= DATA SHOWN =
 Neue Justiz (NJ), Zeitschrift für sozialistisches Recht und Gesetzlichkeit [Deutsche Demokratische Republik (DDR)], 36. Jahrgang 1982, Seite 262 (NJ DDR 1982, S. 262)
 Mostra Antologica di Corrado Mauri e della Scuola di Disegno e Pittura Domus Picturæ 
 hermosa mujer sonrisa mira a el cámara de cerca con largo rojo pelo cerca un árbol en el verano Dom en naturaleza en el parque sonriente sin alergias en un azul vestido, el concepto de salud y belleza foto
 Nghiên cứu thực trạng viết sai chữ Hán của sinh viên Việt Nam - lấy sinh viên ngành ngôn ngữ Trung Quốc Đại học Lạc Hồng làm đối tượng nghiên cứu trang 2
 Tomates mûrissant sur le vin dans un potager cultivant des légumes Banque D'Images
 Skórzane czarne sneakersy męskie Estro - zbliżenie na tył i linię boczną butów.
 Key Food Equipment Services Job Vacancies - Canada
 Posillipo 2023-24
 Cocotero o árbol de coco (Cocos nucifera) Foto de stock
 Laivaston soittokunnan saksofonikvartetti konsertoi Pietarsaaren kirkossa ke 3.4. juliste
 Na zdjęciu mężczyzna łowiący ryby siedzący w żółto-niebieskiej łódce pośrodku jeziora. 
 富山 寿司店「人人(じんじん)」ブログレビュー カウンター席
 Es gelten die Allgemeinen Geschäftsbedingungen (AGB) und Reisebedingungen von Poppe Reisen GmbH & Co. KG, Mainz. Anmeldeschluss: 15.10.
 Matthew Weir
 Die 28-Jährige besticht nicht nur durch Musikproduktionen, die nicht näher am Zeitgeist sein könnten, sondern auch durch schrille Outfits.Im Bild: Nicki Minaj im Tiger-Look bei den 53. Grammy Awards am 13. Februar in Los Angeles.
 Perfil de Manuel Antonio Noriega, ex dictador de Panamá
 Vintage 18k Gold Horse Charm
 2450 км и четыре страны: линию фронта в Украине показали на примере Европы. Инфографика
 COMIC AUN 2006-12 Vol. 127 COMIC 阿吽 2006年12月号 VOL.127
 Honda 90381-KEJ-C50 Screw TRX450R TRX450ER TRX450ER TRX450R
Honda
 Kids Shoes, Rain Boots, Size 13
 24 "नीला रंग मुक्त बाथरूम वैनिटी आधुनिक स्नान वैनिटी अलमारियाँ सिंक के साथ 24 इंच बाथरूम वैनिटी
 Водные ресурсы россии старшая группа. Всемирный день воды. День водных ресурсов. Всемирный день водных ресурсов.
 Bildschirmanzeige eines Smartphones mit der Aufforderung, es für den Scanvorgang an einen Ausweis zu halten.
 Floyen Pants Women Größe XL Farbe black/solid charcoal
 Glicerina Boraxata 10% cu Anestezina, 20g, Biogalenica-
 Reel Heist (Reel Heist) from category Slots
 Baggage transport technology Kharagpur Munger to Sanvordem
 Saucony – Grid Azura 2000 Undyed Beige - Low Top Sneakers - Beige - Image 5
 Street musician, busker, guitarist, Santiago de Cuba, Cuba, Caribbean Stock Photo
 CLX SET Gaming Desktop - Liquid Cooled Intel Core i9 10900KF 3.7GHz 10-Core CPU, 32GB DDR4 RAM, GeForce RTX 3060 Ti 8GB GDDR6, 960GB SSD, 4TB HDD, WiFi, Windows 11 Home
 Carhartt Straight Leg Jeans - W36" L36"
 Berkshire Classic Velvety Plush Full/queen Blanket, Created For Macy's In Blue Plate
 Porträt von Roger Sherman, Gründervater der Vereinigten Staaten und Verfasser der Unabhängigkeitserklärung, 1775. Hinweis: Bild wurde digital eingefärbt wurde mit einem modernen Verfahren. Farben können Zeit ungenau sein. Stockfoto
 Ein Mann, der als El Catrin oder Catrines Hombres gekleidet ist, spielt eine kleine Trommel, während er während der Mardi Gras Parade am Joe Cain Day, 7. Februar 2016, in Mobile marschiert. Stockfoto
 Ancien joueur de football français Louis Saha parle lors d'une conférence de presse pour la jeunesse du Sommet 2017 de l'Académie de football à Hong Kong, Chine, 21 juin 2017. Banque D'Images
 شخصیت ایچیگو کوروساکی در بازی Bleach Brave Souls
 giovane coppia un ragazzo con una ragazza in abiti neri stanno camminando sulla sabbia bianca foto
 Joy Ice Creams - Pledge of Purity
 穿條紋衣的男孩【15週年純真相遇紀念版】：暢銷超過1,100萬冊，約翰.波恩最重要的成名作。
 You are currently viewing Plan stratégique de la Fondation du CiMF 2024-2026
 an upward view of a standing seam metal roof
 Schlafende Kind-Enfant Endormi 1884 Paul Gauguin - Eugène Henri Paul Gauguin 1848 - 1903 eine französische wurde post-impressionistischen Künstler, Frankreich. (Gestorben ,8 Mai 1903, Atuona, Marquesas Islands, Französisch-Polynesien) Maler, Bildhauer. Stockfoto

= WHAT THE TASK REQUIRES =
The entries above hold the needed span. Transcribe exactly the lines from the one with "COMIC AUN 2006-12" to the one with "Bildschirmanzeige eines Smartphones", both included.

= SOLUTION TO THIS EXERCISE =
 COMIC AUN 2006-12 Vol. 127 COMIC 阿吽 2006年12月号 VOL.127
 Honda 90381-KEJ-C50 Screw TRX450R TRX450ER TRX450ER TRX450R
Honda
 Kids Shoes, Rain Boots, Size 13
 24 "नीला रंग मुक्त बाथरूम वैनिटी आधुनिक स्नान वैनिटी अलमारियाँ सिंक के साथ 24 इंच बाथरूम वैनिटी
 Водные ресурсы россии старшая группа. Всемирный день воды. День водных ресурсов. Всемирный день водных ресурсов.
 Bildschirmanzeige eines Smartphones mit der Aufforderung, es für den Scanvorgang an einen Ausweis zu halten.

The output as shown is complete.